It's also a classic archetype in epic-storytelling. For example, the entire story of The Odyssey takes place in the Mediterranean Sea, and that story spans twenty years.

I don't agree that oceans are necessarily relegated to land-separators in other campaigns. Water-heavy campaign worlds can and do use travel-distance as a separator, but it can also serve as a setting itself. Pirate campaigns, navel campaigns, and underwater campaigns all immediately jump to mind as possible scenarios that use the water as the VIP, and not just to make getting from point A to point B difficult.

Serenity
2008-05-15, 03:08 PM
Hmm...well, it seems like we're coming up with a sort of Greek model for the human lands--a group of loosely affiliated city-states, though presumably more closely connected to each other than the Greek versions. If we're looking to expand beyond the single small continent we've described so far...perhaps humans arrived here from a land across the sea that has grown into a massive, overcrowded urban jungle?

Serenity
2008-05-19, 12:56 PM
You guys still helping me on this one?

batsofchaos
2008-05-19, 01:12 PM
Lotta people go offline over the weekend.

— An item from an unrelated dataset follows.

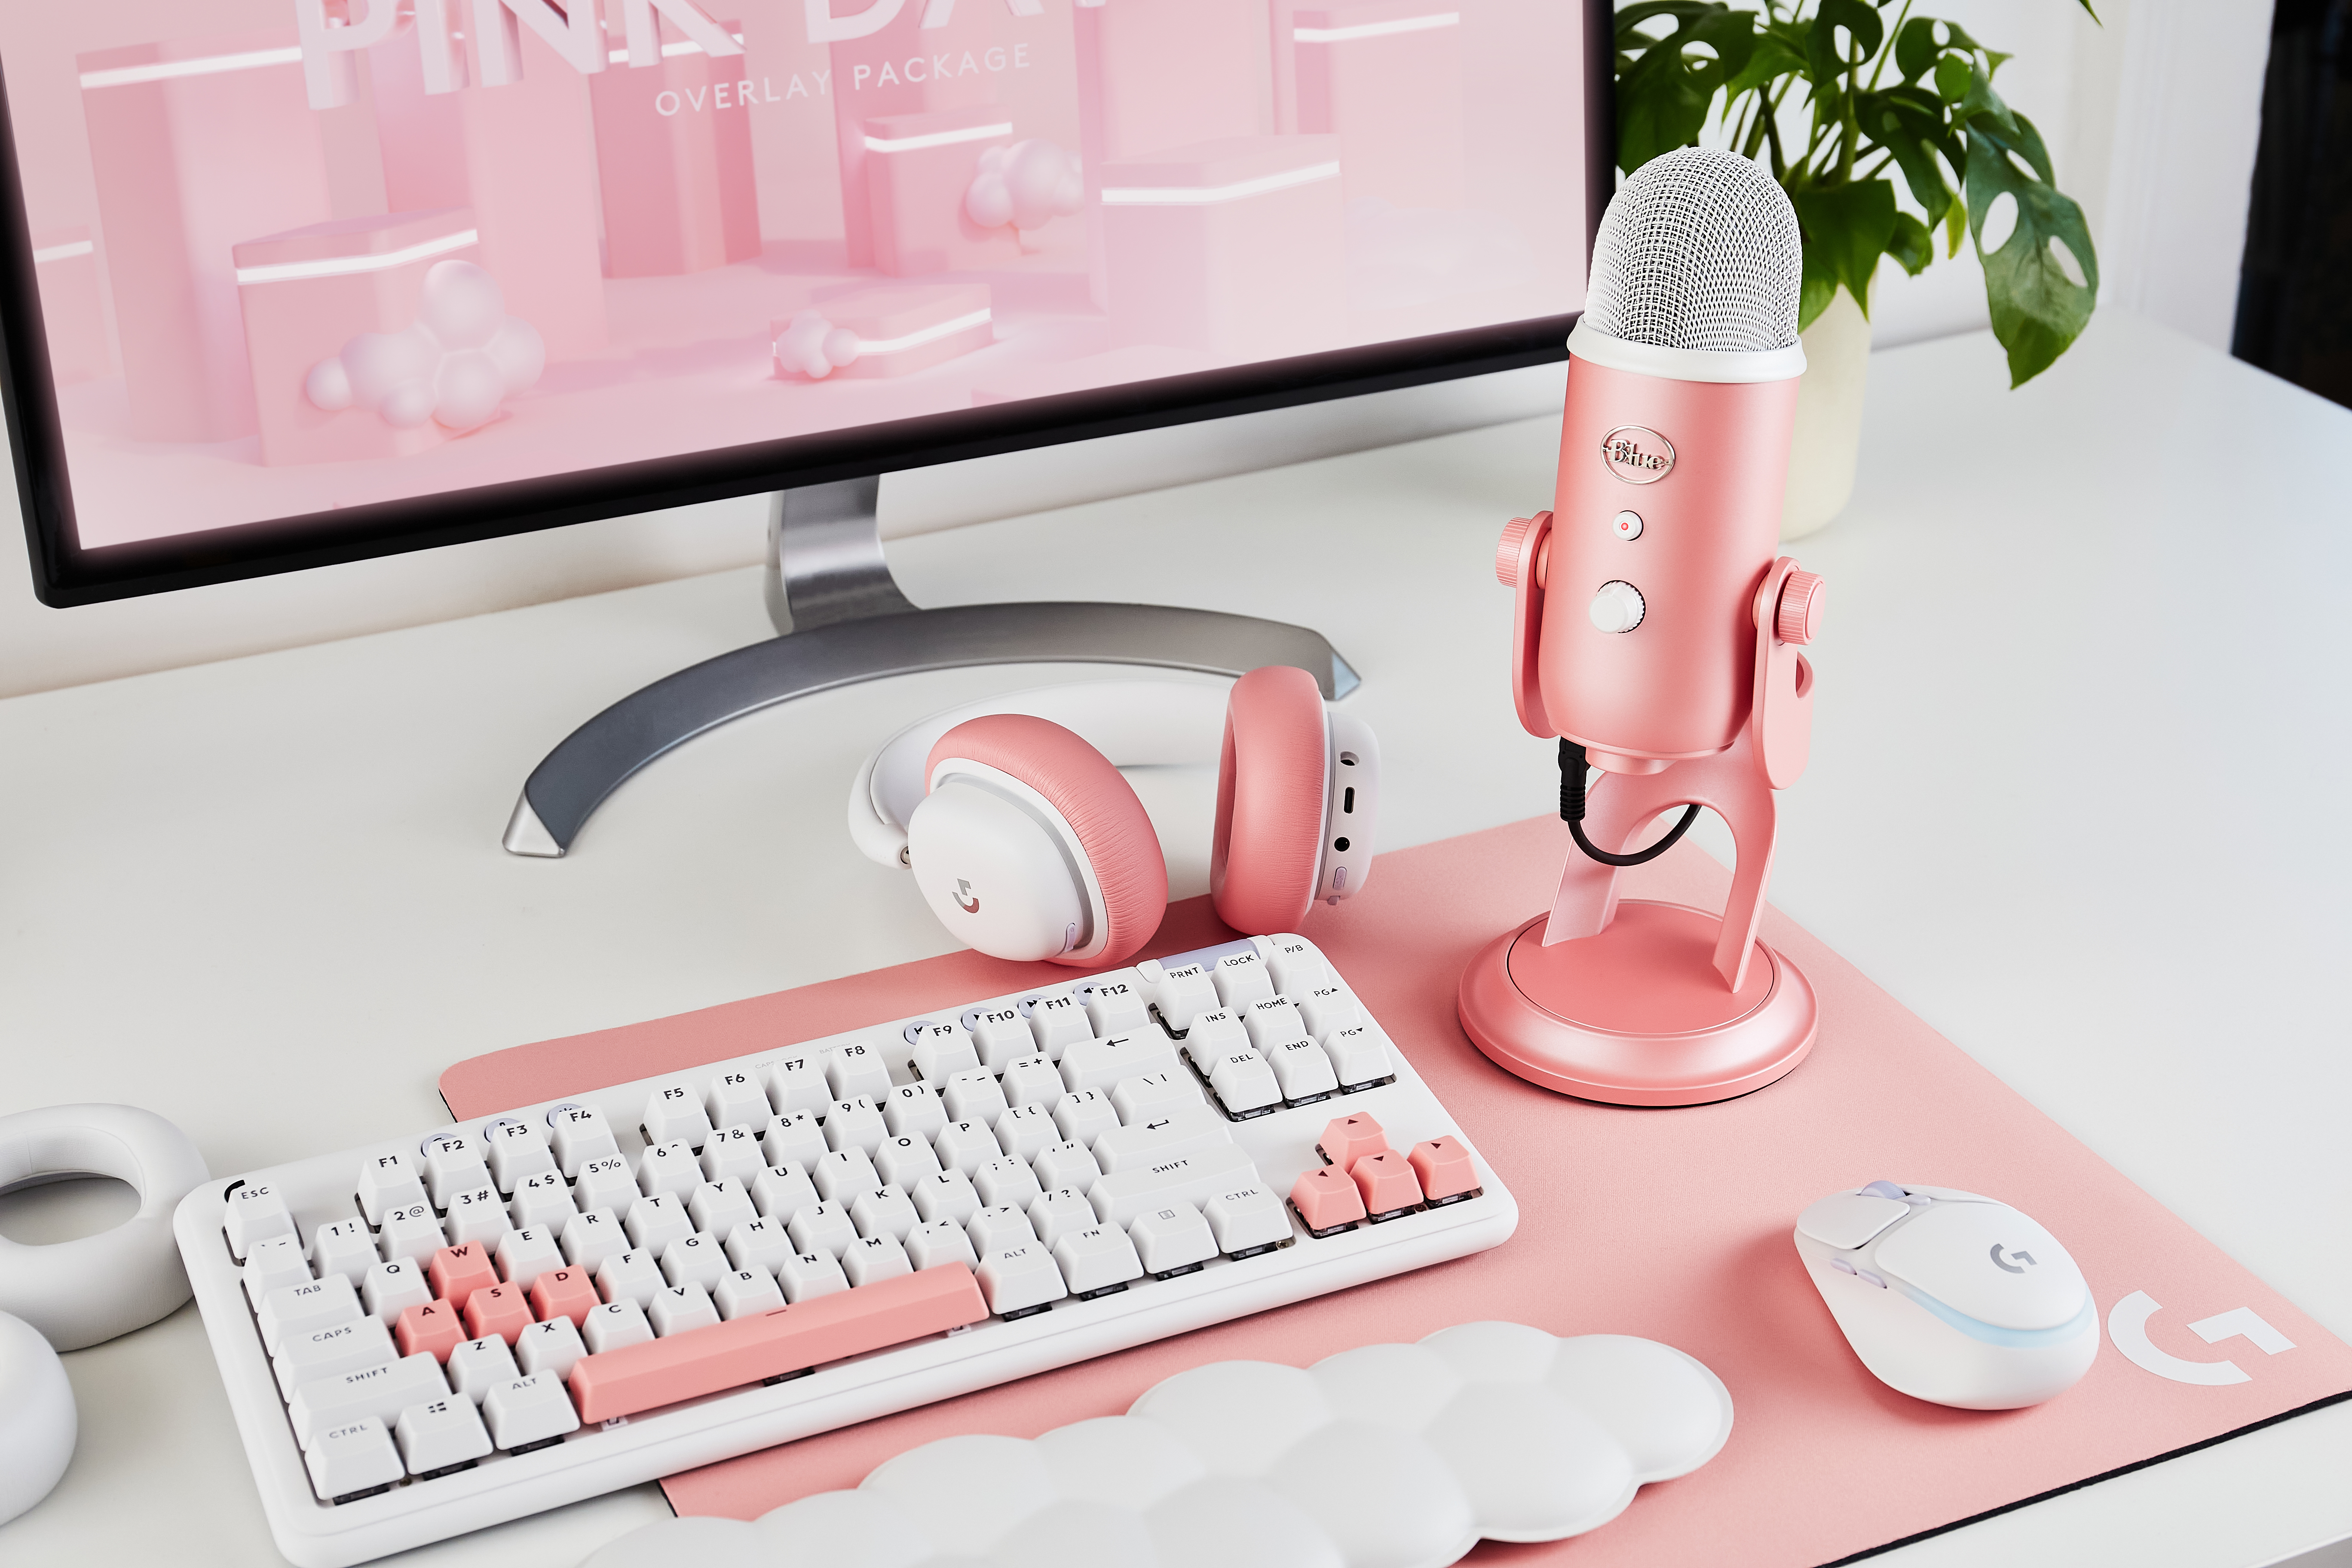 a pale pink gaming set up, complete with a cloud-shaped wrist pad

I'm still here for what it's worth. Not the best cartographer (the wifey helps me there on my projects. :D) so I can't really help there.

One thought, what sort of scale do we want to have for this project altogether? My take based on your first post was that this was a personal campaign that you wanted a little help on, but it's starting to take on the dimensions of a communal project, like Cataclysm of Green or Tears of Blood. Is that where you want it to go? If so, how far should we take it?

Do we want to develop the crunch for altered classes, if any? Should we come up with some Psionic monsters specific to the setting?

How deep does the rabbit hole go?

Vadin
2008-05-19, 02:35 PM
How deep does the rabbit hole go?

Seconded, willing to help develop ideas regardless of project size.

Serenity
2008-05-19, 03:28 PM
It did indeed start as a personal thing...I wasn't planning on developing much more than a single continent for the PCs to adventure on, maybe get some ideas for what lay over the ocean so I could answer questions. But the more I hear yu guys come up with, the more I want to fully flesh this out. Besides, even if we confine ourself to the defined area, there's plenty that needs extensive work. Monsters must be given psi-like abilities to replace their spell-likes. Outsiders will need the most work here, since psionic characters will still be plane hopping plenty. Similarly, we need to consider the origins of constructs and undead in a psionics only world. Golems need powers as construction requirements, rather than spells, and while undead can simply arise spontaneously, do psionics have any way of controlling them? If not, we need to either create one, or eliminate the archetype of undead as the ravenous minions of the Dark Lord. Some magical PrCs should be adapted to use psionics--the Jade Phoenix Mage, for example. We need to create some unique psionic items for the setting. Crystalline laser guns are a must, for example, preferably ones whose damage can be augmented by spending PP. Perhaps CrystalCallers are the hot new item on the market, allowing easy contact with people miles and miles away.

In short, with all the work that needs to be done, a community project seems in order.

Gwyn chan 'r Gwyll
2008-05-19, 03:33 PM
I would love to help. I'll get a rough map up later. How rugged should the coast be? At the moment, I believe the consensus is an Australia-sized peninsula, cut off from the comparatively bizarre mainland by high mountains. I would say around as high and impassable as the Alps? Or quite possibly the Atlas Mountains...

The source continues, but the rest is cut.